Above, the columns are swapped for 'avg_by_hour' so that number of comments becomes the first element to make sure that the sort is by the highest number of comments. Then utilizing the 'sorted()' function to do the sorting as shown below:

In [72]:
sorted_swap = sorted(swap_avg_by_hour, reverse = True) 
sorted_swap

[[38.5948275862069, '15'],
 [23.810344827586206, '02'],
 [21.525, '20'],
 [16.796296296296298, '16'],
 [16.009174311926607, '21'],
 [14.741176470588234, '13'],
 [13.440677966101696, '10'],
 [13.233644859813085, '14'],
 [13.20183486238532, '18'],
 [11.46, '17'],
 [11.383333333333333, '01'],
 [11.051724137931034, '11'],
 [10.8, '19'],
 [10.25, '08'],
 [10.08695652173913, '05'],
 [9.41095890410959, '12'],
 [9.022727272727273, '06'],
 [8.127272727272727, '00'],
 [7.985294117647059, '23'],
 [7.852941176470588, '07'],
 [7.796296296296297, '03'],
 [7.170212765957447, '04'],
 [6.746478873239437, '22'],
 [5.5777777777777775, '09']]

In [73]:
print('Top 5 Hours for Ask Posts Comments\n')

for row in sorted_swap[:5]:
    avg_comment = row[0]
    hr = row[1]
    hr_dt = dt.datetime.strptime(hr,'%H')
    hr_final = hr_dt.strftime('%H')
    print('{}: {:.2f} average comments per post.'.format(hr_final, avg_comment))
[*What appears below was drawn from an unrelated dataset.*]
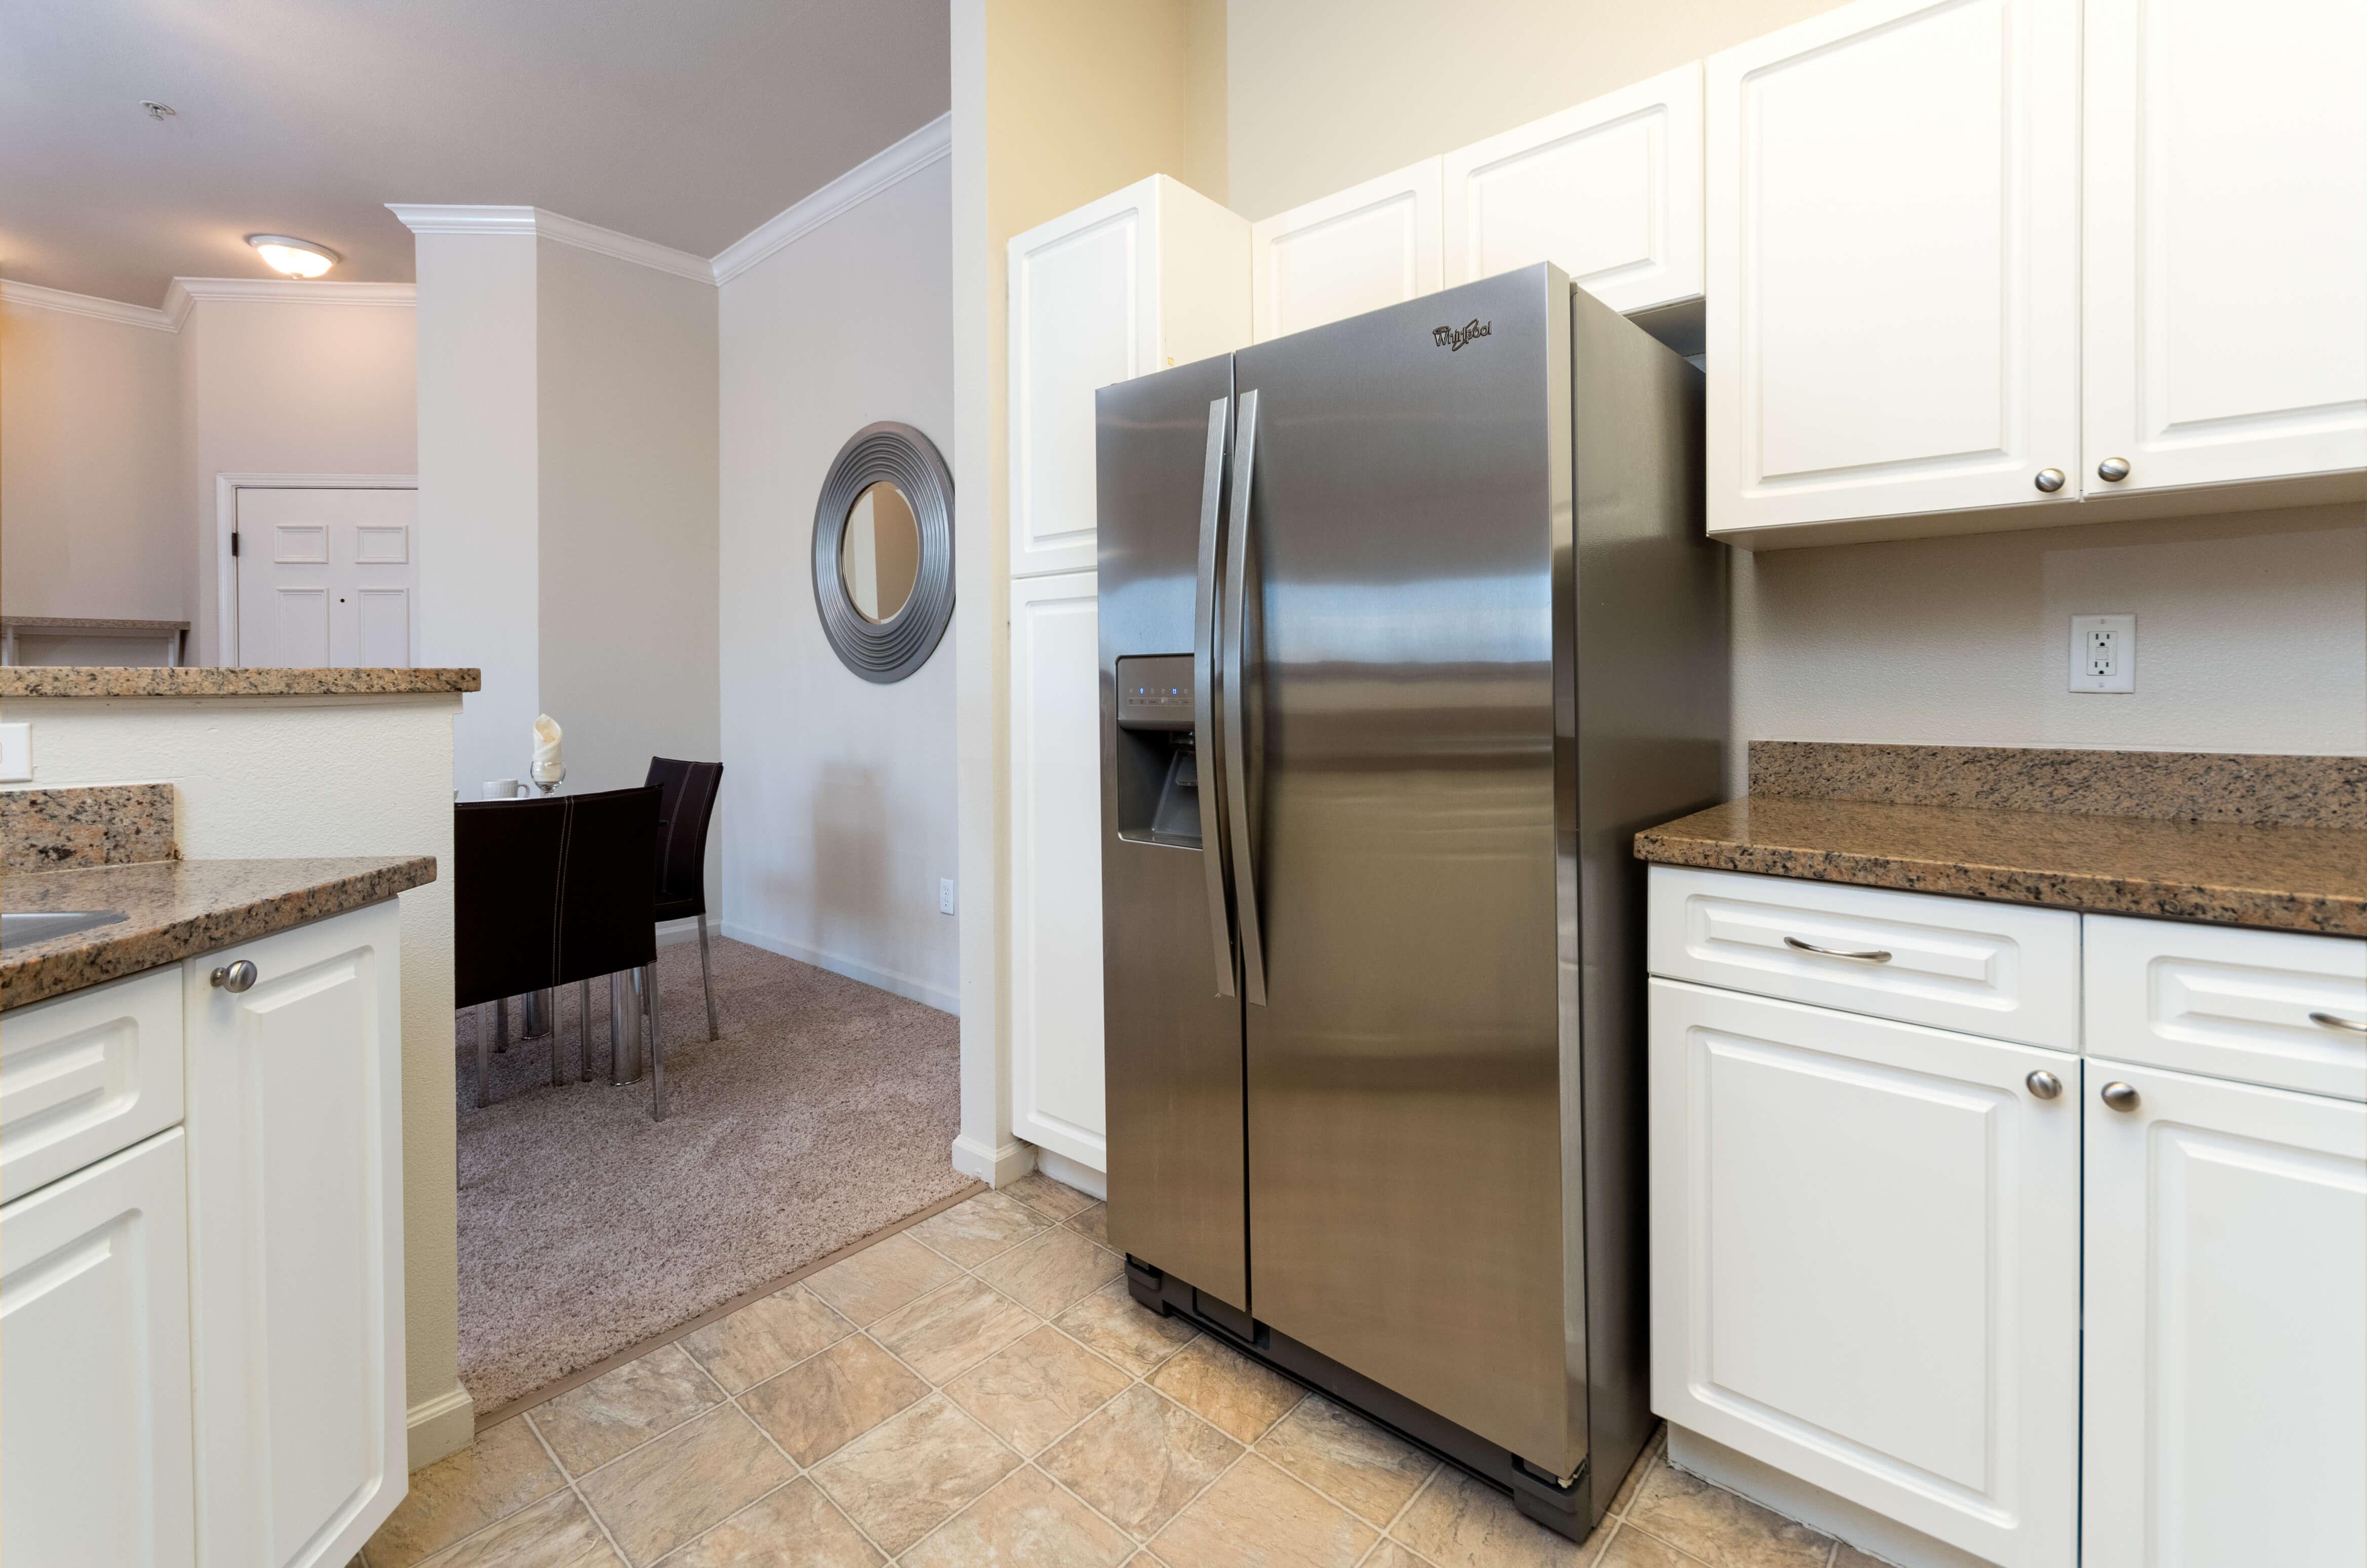 image 5 furnished 3 bedroom Apartment for rent in Santa Clara, Santa Clara County
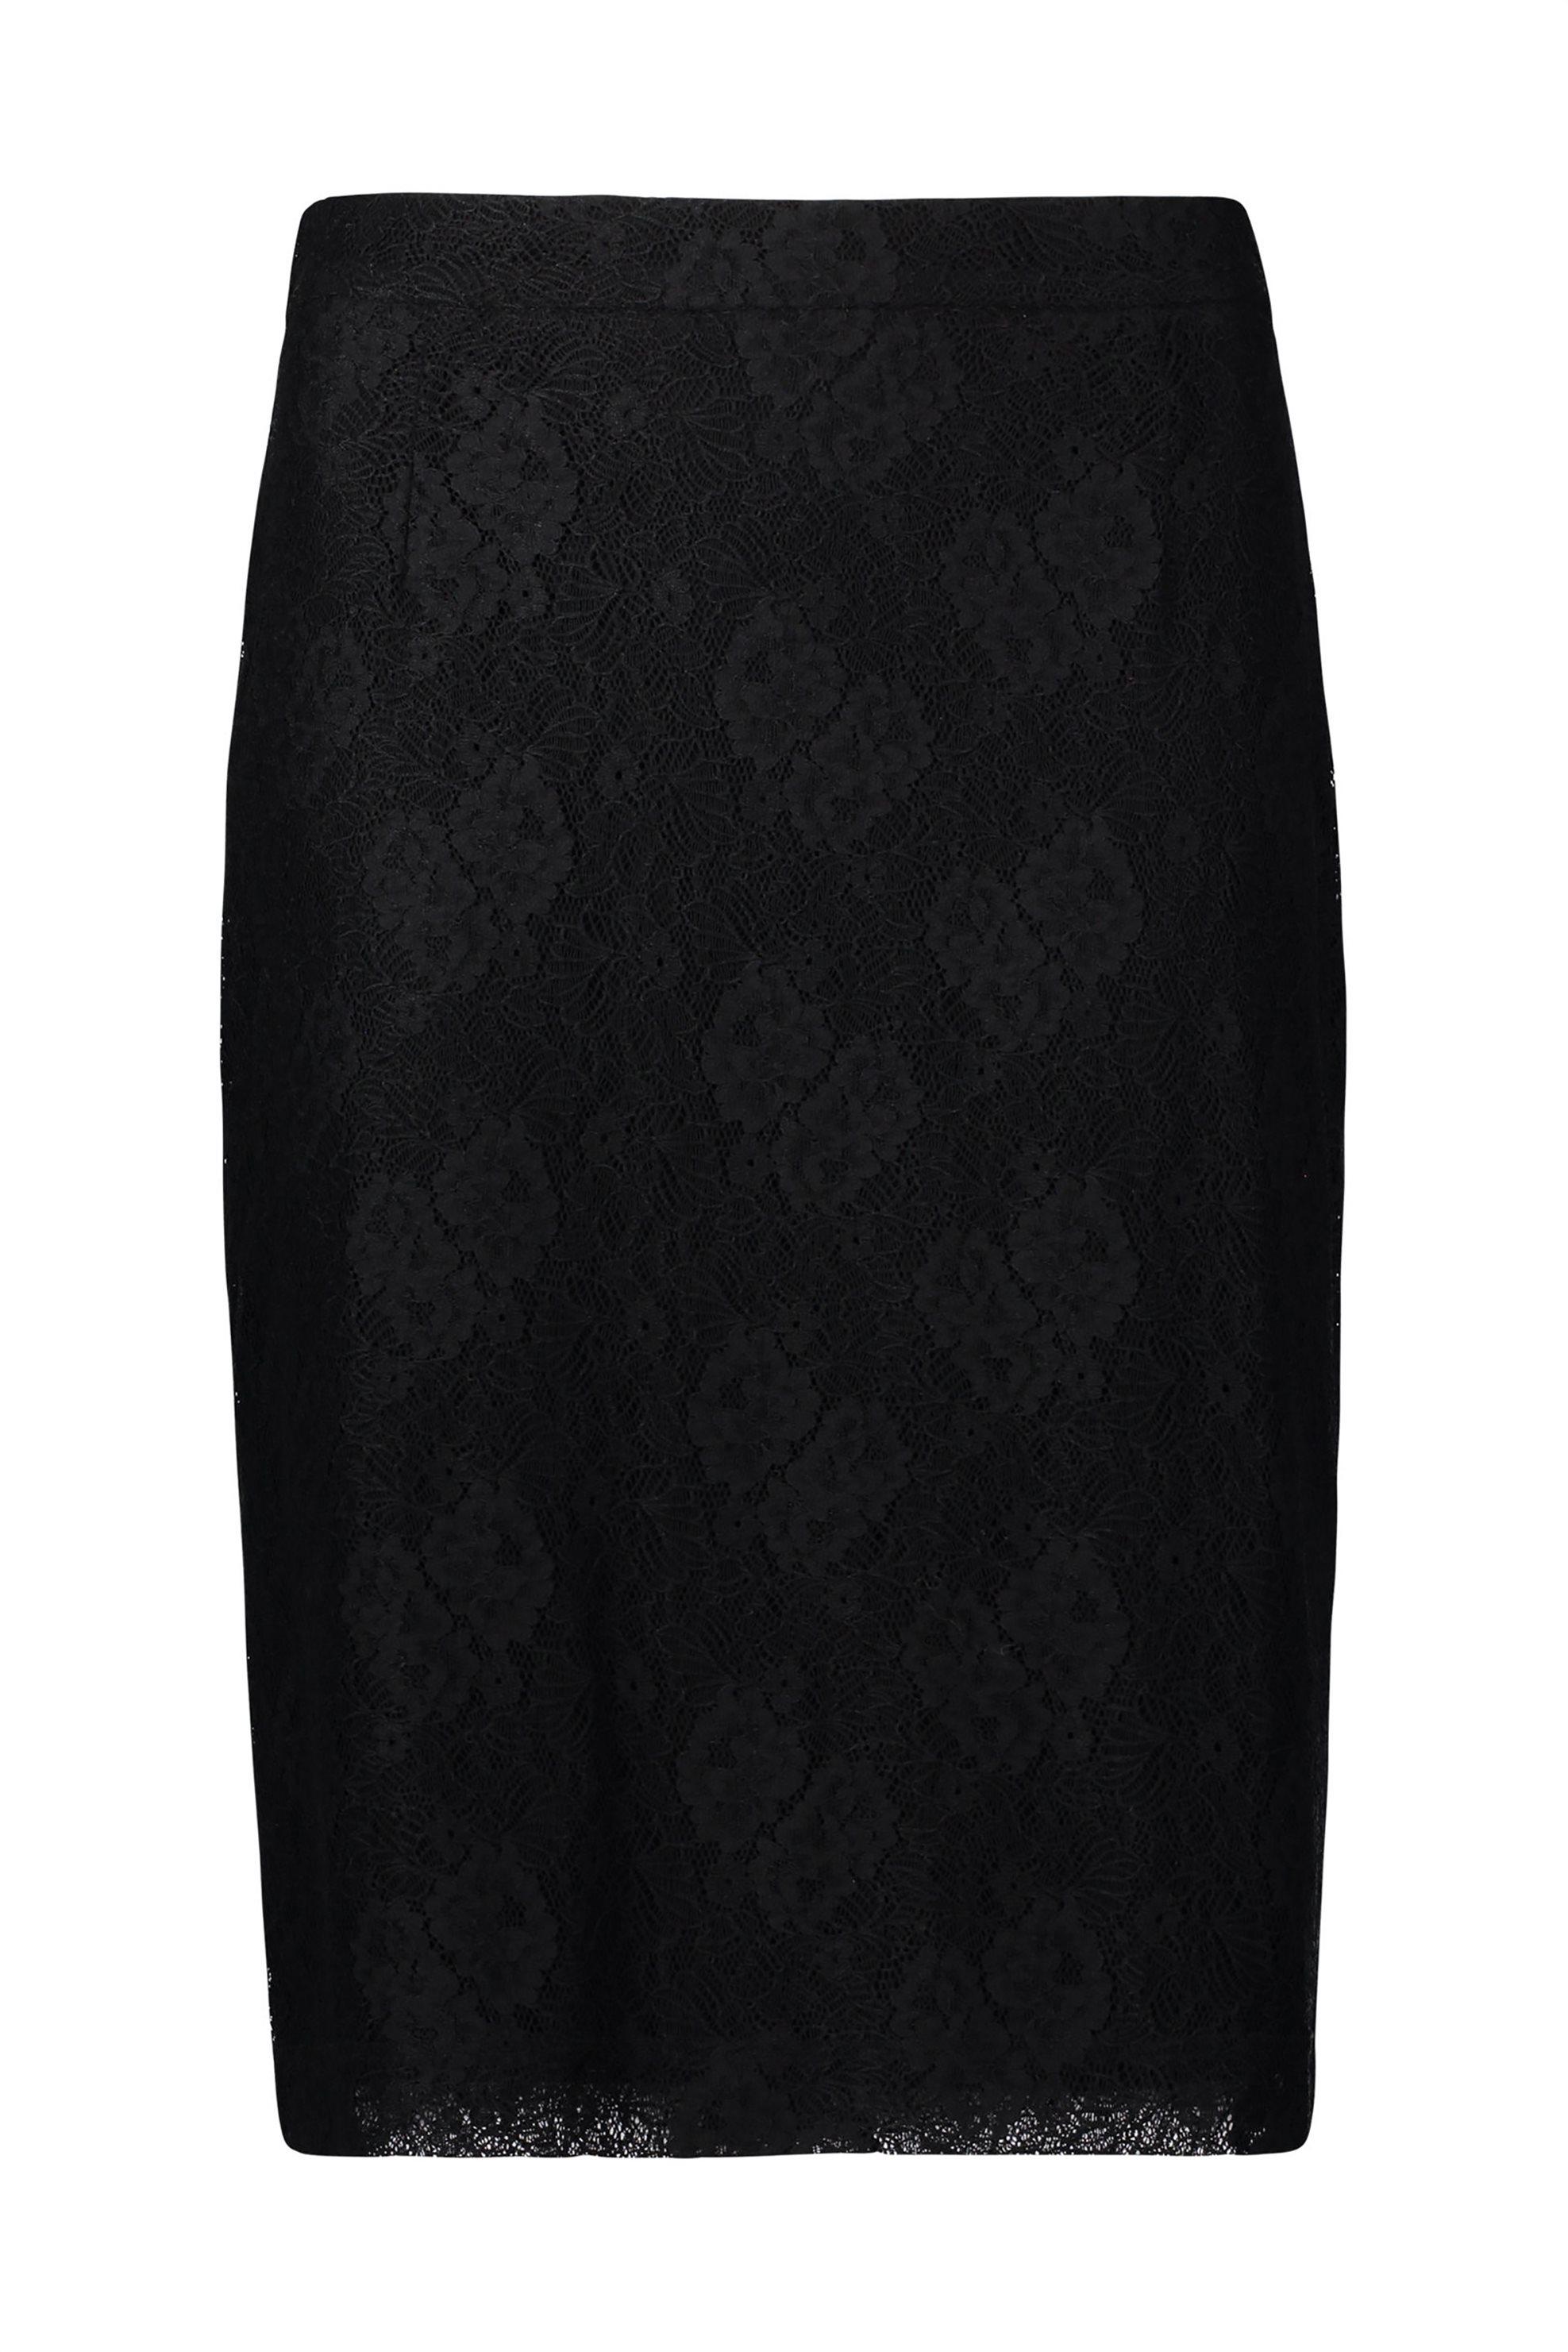 BETTY & CO Γυναικεία Φούστα Pencil Από Δαντέλα - 3353/3009 - Μαύρο

Top 5 Hours for Ask Posts Comments

15: 38.59 average comments per post.
02: 23.81 average comments per post.
20: 21.52 average comments per post.
16: 16.80 average comments per post.
21: 16.01 average comments per post.


Thus from the above findings, it has been shown that __15:00 has the highest average comments per post__ (with 38.59 average comments per post) and that any __post made between 15:00 and 21:00 will have higher chanceof receiving more comments.__

<a id="conclusion"></a>
# Conclusion

In conclusion, this project answers two questions:

__1. Do 'Ask HN' or 'Show HN' receive more comments on average?__
> From the analysis, 'Ask HN' posts generate more comments with an average of 14 comments per post while 'Show HN' posts have an average of 10 comments per post.

__2. Do posts created at a certain time receive more comments on average?__
> The best hour with average number of comments is 15:00 or 16:00 WAT. Thus, it is the best time for users to create 'Ask HN' posts to have more comments.